Song by Beyoncé

from the album I Am... Sasha Fierce
- Recorded: 2008
- Studio: Roc the Mic Studios (New York, NY); The Boom Boom Room (Burbank, CA);
- Genre: Electropop; dance-pop;
- Length: 3:38
- Label: Columbia
- Songwriters: Beyoncé Knowles; James "Jim Jonsin" Scheffer; Rico Love; Anton Bakholdin;
- Producer: Jonsin

= Radio (Beyoncé song) =

2008 song by Beyoncé

"Radio" is a song recorded by American singer Beyoncé for her third studio album, I Am… Sasha Fierce (2008). The up-tempo electropop/dance-pop song was composed by Beyoncé, Rico Love, Anton Bakholdin and Jim Jonsin. Composed in the key of D major and built essentially on bouncy beat, "Radio" also displays influences of the 1980s synthpop, Europop, and house. It is instrumentally complete with a Roland TR-808 drum, bass instruments, and synthesizers. The song's lyrics describe the love of Beyoncé in her childhood for the songs she used to listen to on the radio as she grew into an adult.

"Radio" received positive reviews from contemporary music critics, who generally praised Knowles's departure from her usual R&B style. Some of them also complimented the believability as well as the originality of the song and chose it as the standout track of I Am... Sasha Fierce. In September 2009, "Radio" was used to promote Dutch radio station Radio 538, and it subsequently charted for six weeks on the Dutch Top 40 chart, where it peaked at number 14. It also reached number five on its urban chart. "Radio" was part of Beyoncé's set list on her I Am... World Tour (2009–10) and was included on the live album I Am... World Tour (2010).

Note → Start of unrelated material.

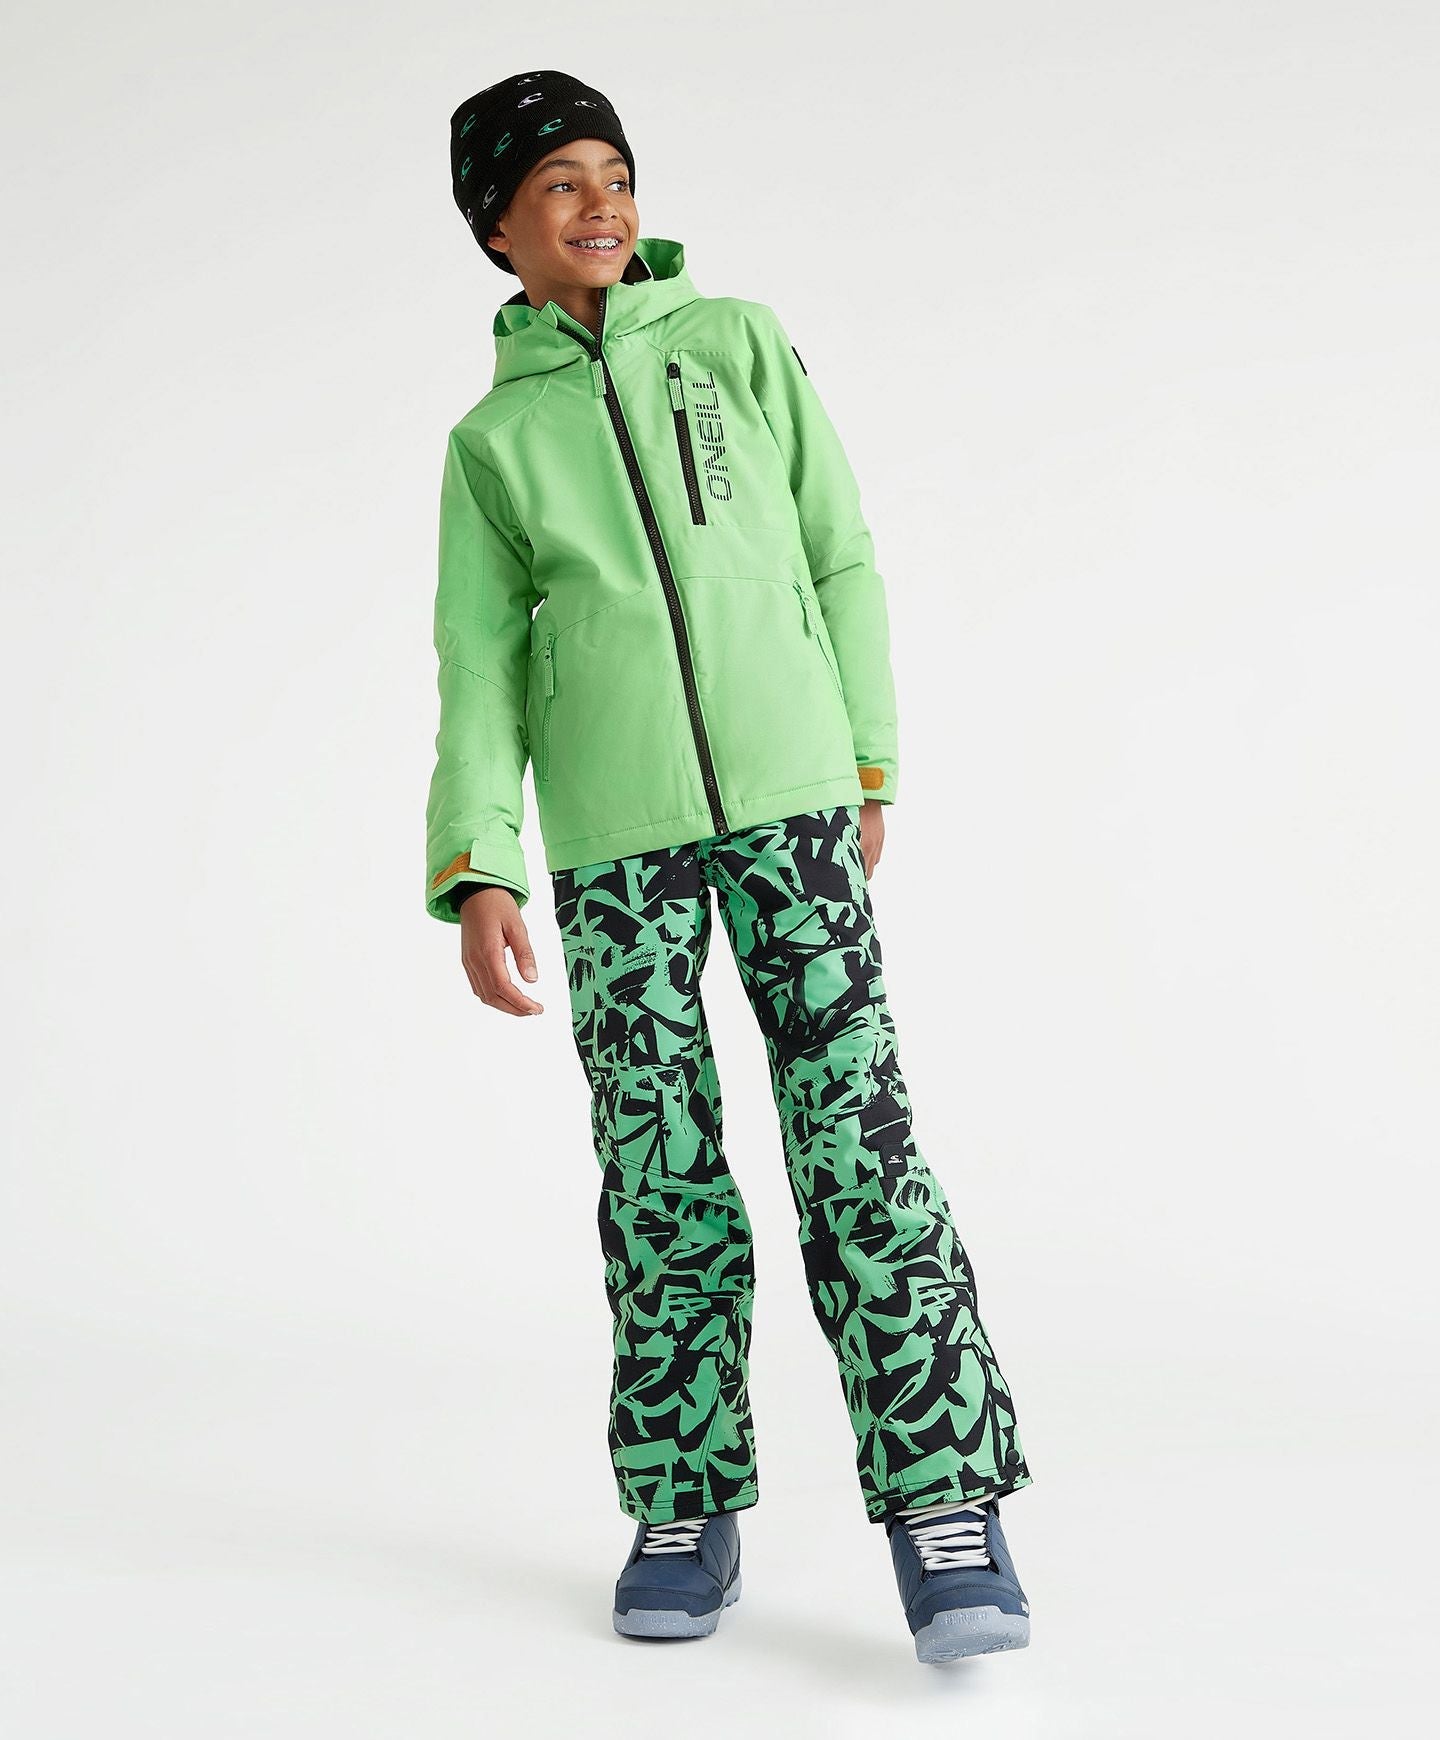 Boy's Hammer Snow Jacket - Luminous Green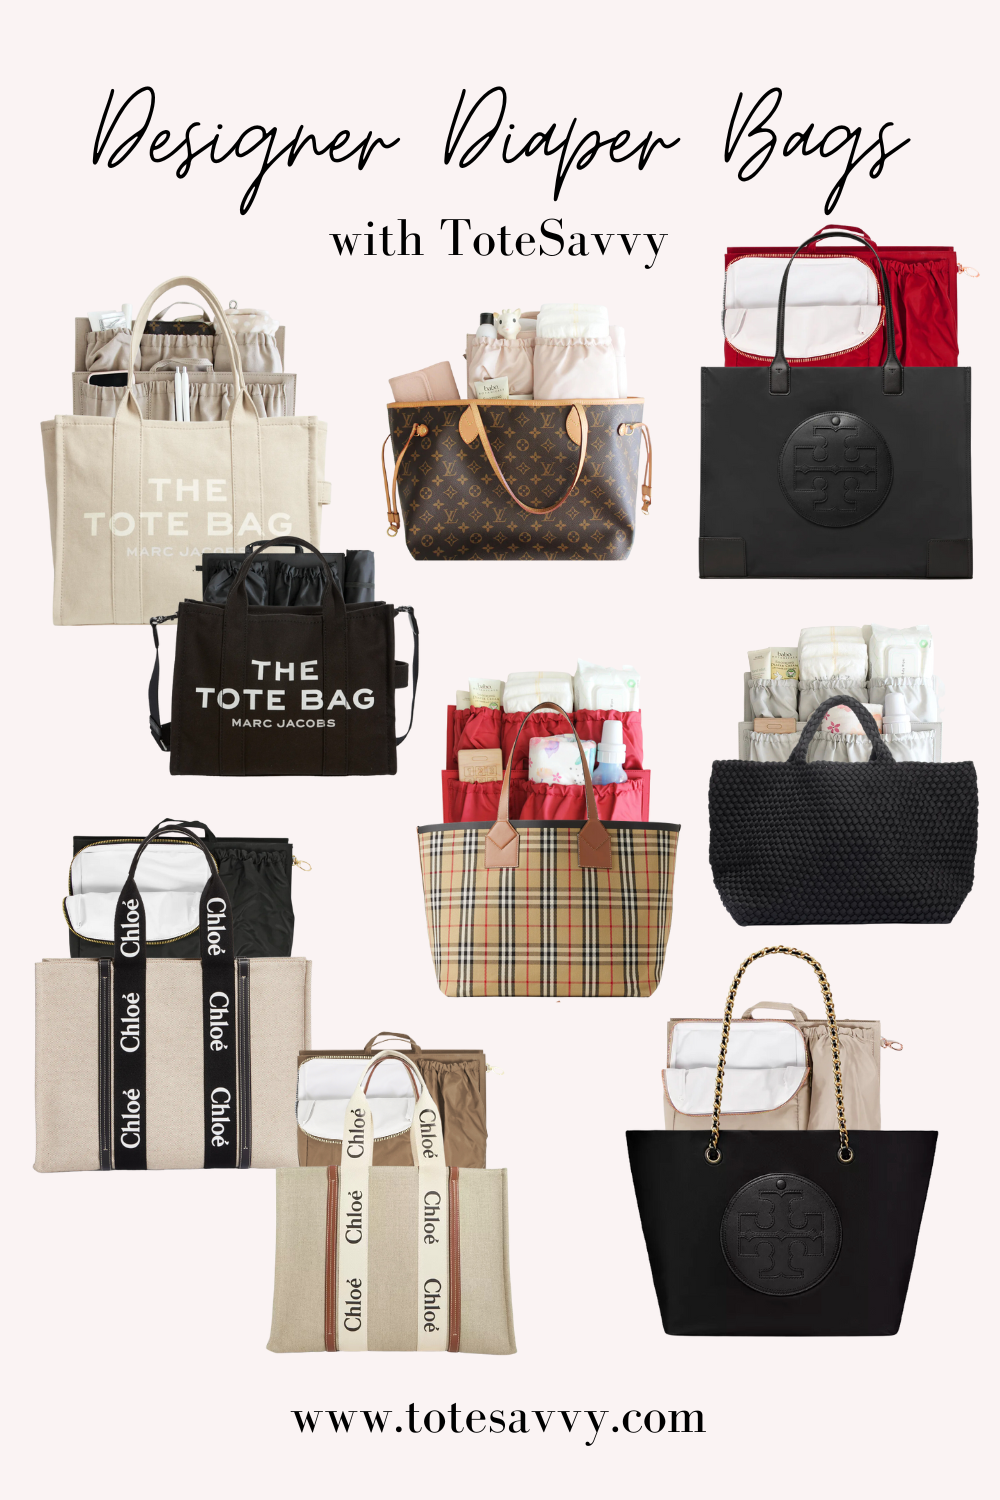 Luxury Designer Bag Organizer, Luxury Handbag Organizer Bag

==Production and composition==

"Radio" was written by James Scheffer, Rico Love, Anton Bakholdin, and Beyoncé. Production was handled by Jim Jonsin, who also produced of "Sweet Dreams" (2009). "Radio" is different from the usual R&B material for which Beyoncé is known; It is an electropop/dance-pop song that exhibits influences of 1980s synthpop, Europop, and house. Following the release of I Am... Sasha Fierce, Beyoncé explained the concept behind the song on her official website:

It just seems like a feel-good record but when you really listen to the lyrics, it's about me growing up. In my household, I didn't go all of the parties and I didn't do all the things that a lot of the other teenage girls did because I was so in love with my radio and my music. I was so in love with this radio and my parents were happy that I was into something positive.

According to the sheet music published at Musicnotes.com by EMI Music Publishing, "Radio" is an uptempo song set in common time, written in the key of D major. It follows the chord progression of Bm–G–D–A/C♯ and Beyoncé's vocals span from the note of A_{3} to E_{5}. Built on a bouncy beat, "Radio" is instrumentally complete with a Roland TR-808 drum, bass instruments, and synthesizers. Several music critics, including Ben Westhoff of OC Weekly, noted that "Radio" bears resemblance to Rihanna's single "Umbrella" (2007) as they are both set to 1980s-style synthesizers." Similarly, James Reed of The Boston Globe wrote that "Radio" seems to be like the latest electro-pop confection from Rihanna. Darryl Sterdan of the Canadian website Jam! wrote that "Radio" sounds like a record Madonna would sing because of its electropop and dance-pop musical styles. Serbian newspaper Alo! suggested that the melody was plagiarized from "Aspirin" by Serbian singer Seka Aleksić, and claimed that the songwriters Filip Miletić and Miloš Roganović would sue Beyoncé; the claim was met with ridicule from other Serbian media.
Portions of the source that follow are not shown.